## PROVIDED DATA

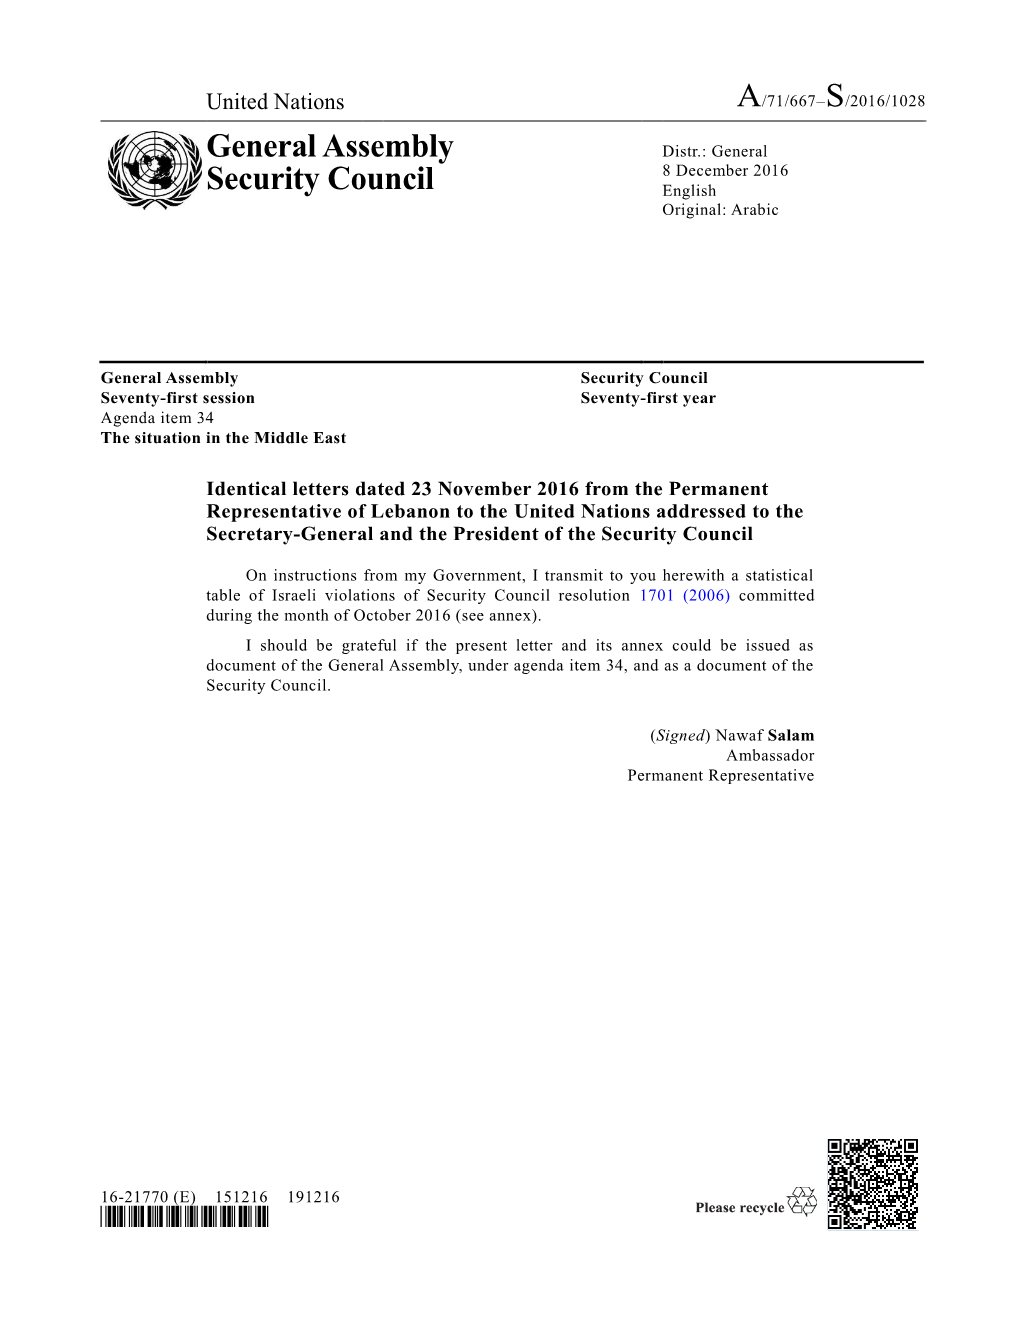 General Assembly Security Council Seventy-First Session Seventy-First Year Agenda Item 34 the Situation in the Middle East
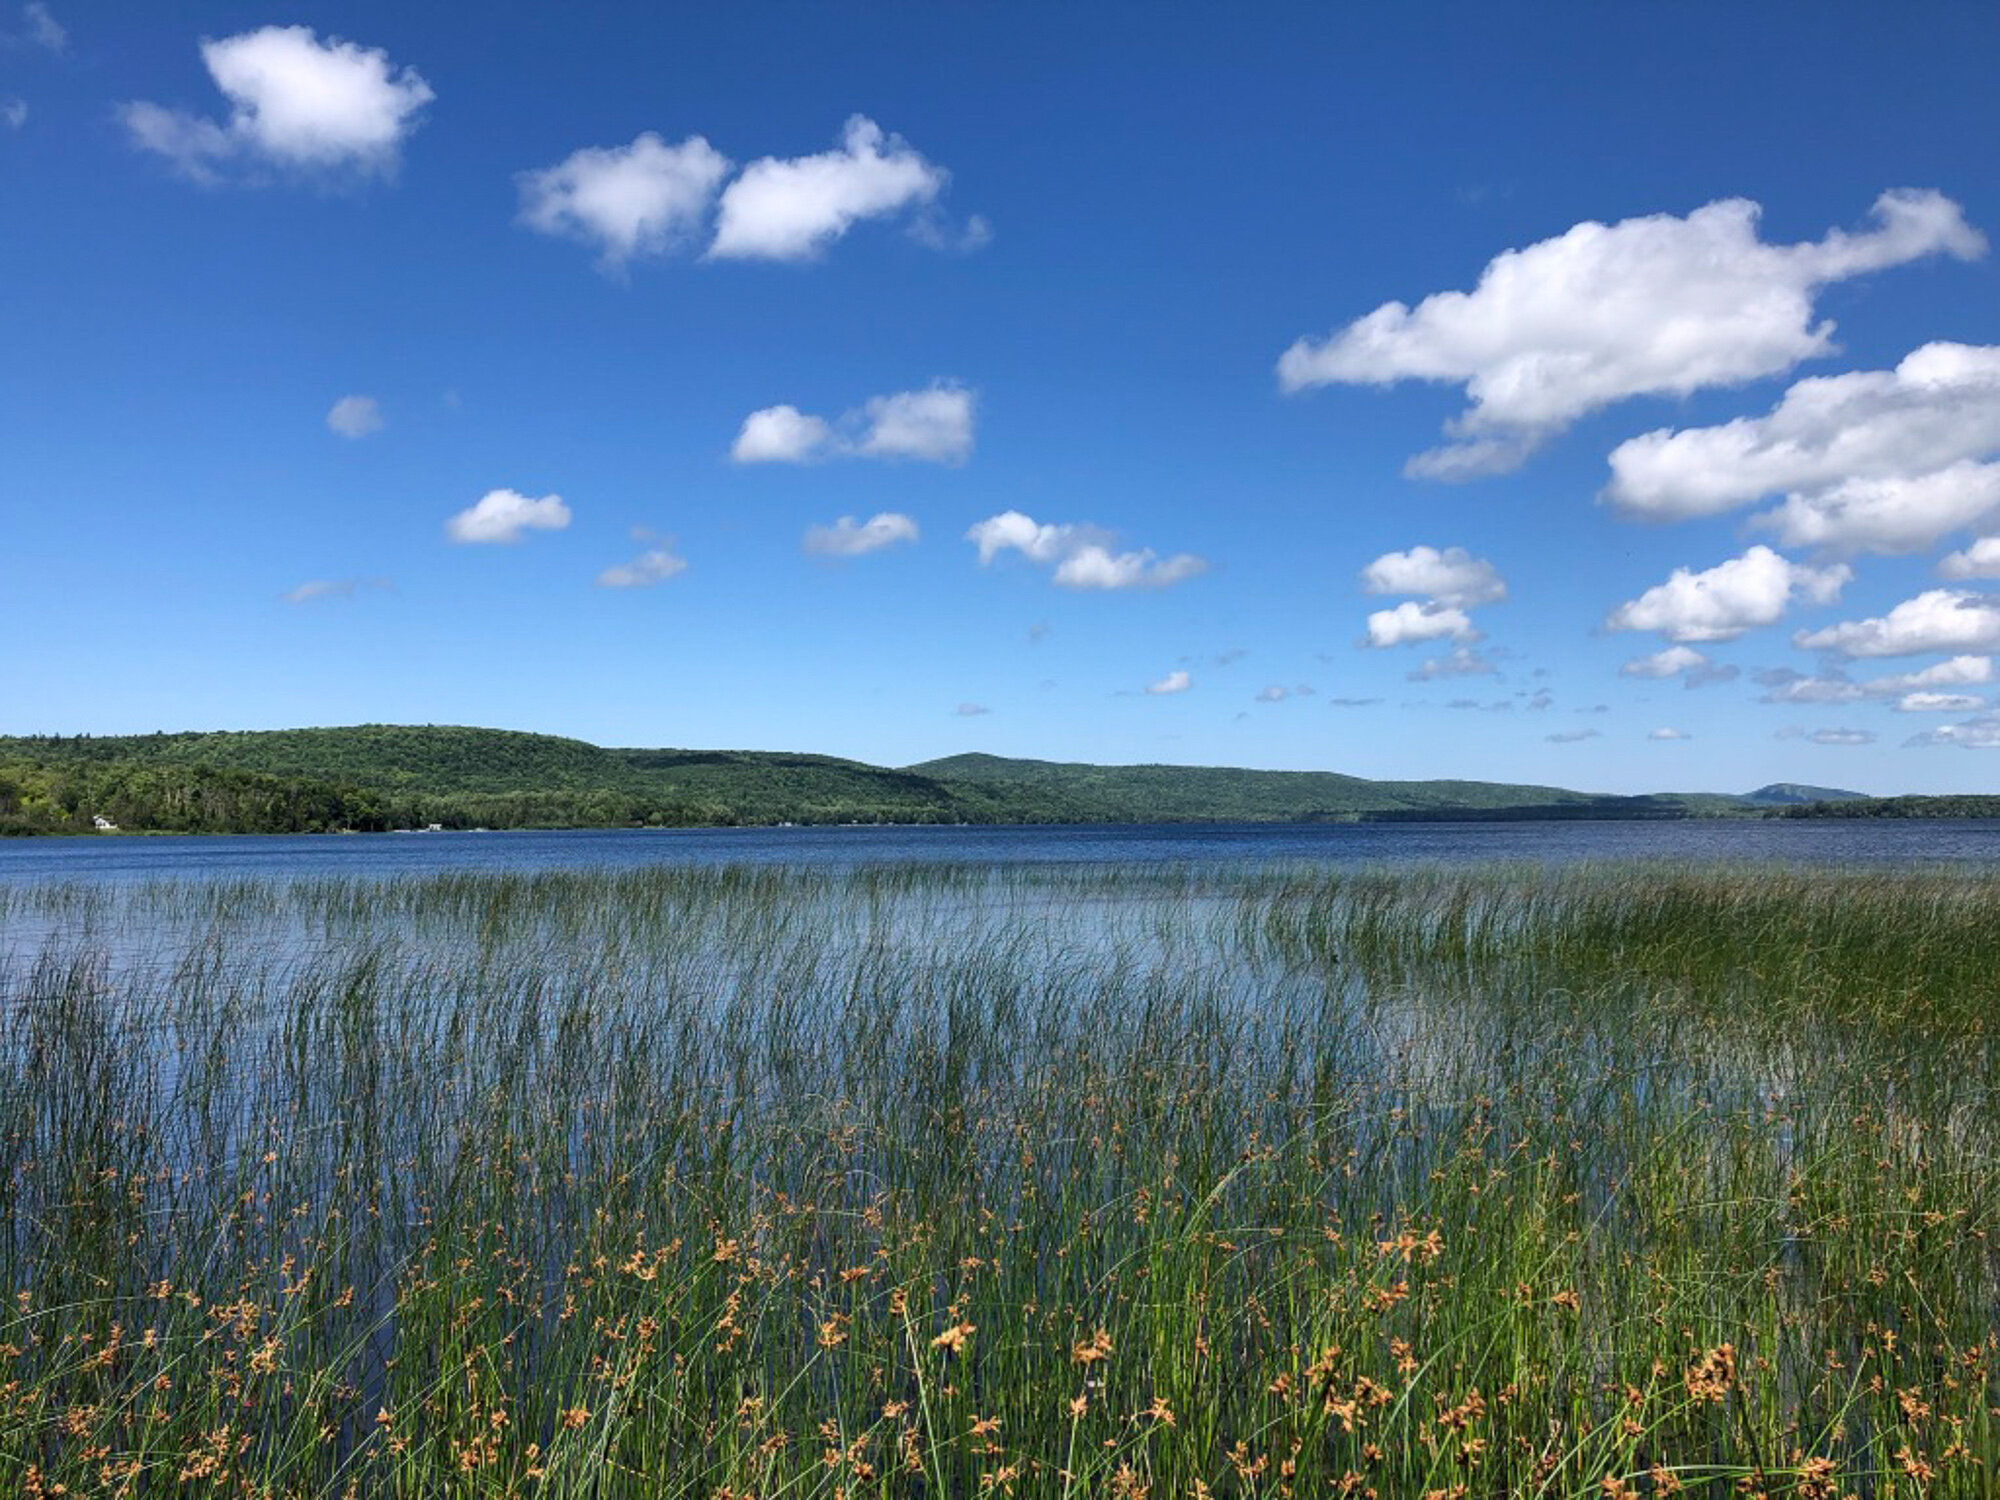   The view from a stretch of sandy shoreline on the west end of Gratiot Lake, acquired by GLC in 2014-2016. Natural shoreline owned by GLC is open to the public for hiking and accessible from the water by boat.  
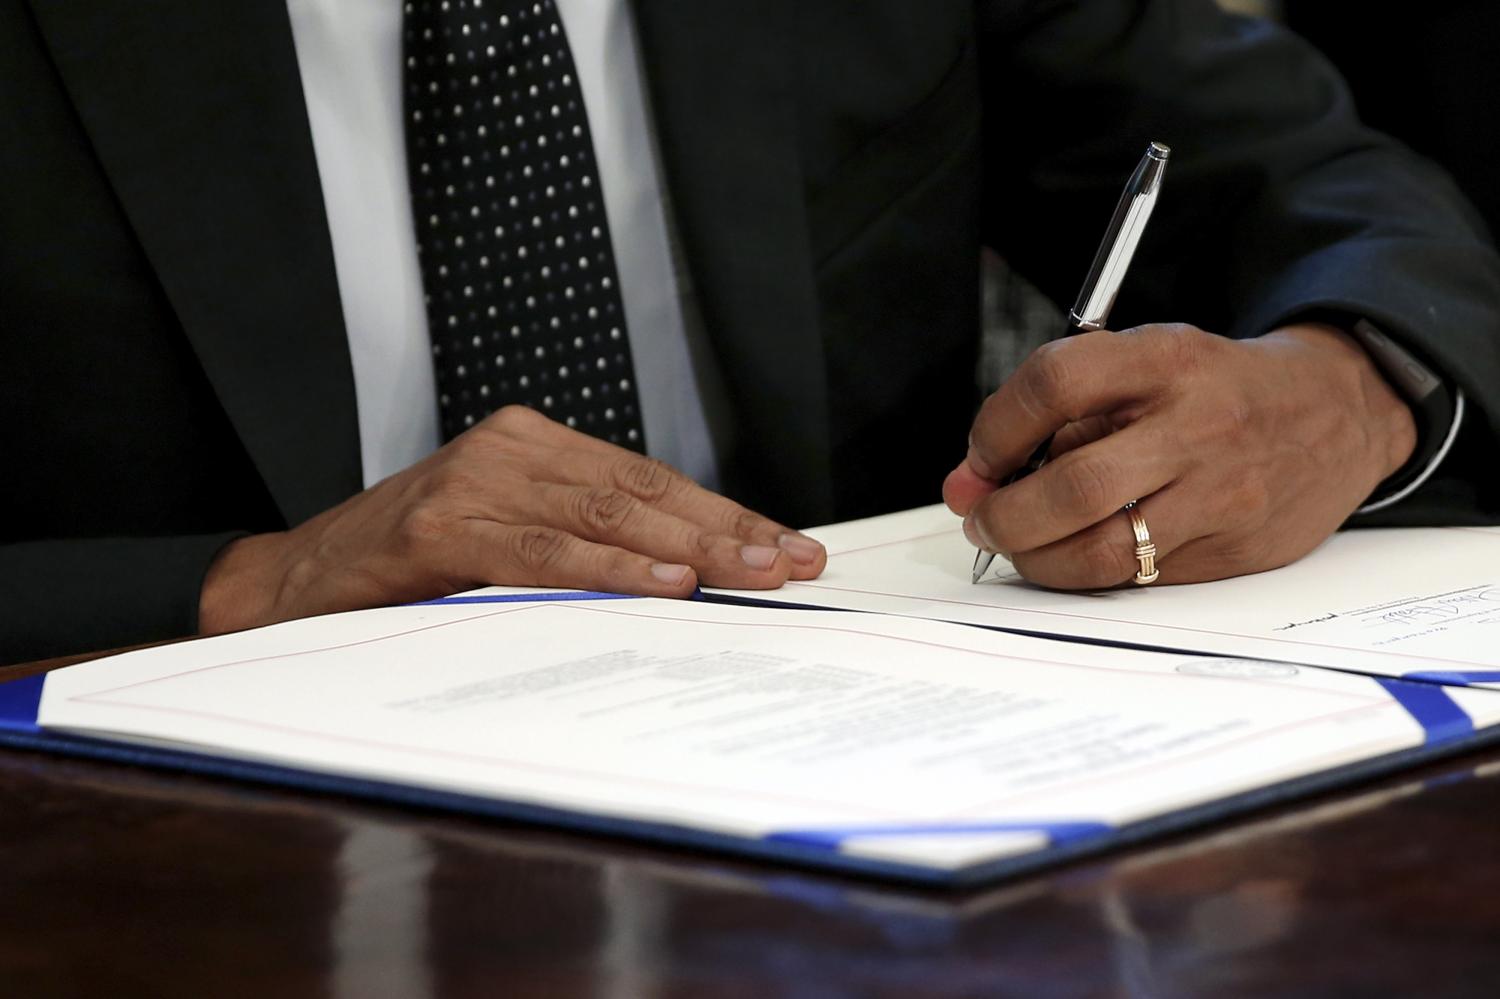 U.S. President Barack Obama signs the Sawtooth National Recreation Area and Jerry Peak Wilderness Additions Act into law at his desk in Oval Office at the White House in Washington August 7, 2015. The law sets aside 275,665 acres (1,116 square km) of Idaho's Boulder-White Clouds Wilderness to be permanently protected from development.  REUTERS/Jonathan Ernst - GF20000016915

## THE PROBLEM
Retype all the data exactly; skip the pictures.

## EXERCISE SOLUTION
 General Assembly Security Council Seventy-First Session Seventy-First Year Agenda Item 34 the Situation in the Middle East
   The view from a stretch of sandy shoreline on the west end of Gratiot Lake, acquired by GLC in 2014-2016. Natural shoreline owned by GLC is open to the public for hiking and accessible from the water by boat.  
 U.S. President Barack Obama signs the Sawtooth National Recreation Area and Jerry Peak Wilderness Additions Act into law at his desk in Oval Office at the White House in Washington August 7, 2015. The law sets aside 275,665 acres (1,116 square km) of Idaho's Boulder-White Clouds Wilderness to be permanently protected from development.  REUTERS/Jonathan Ernst - GF20000016915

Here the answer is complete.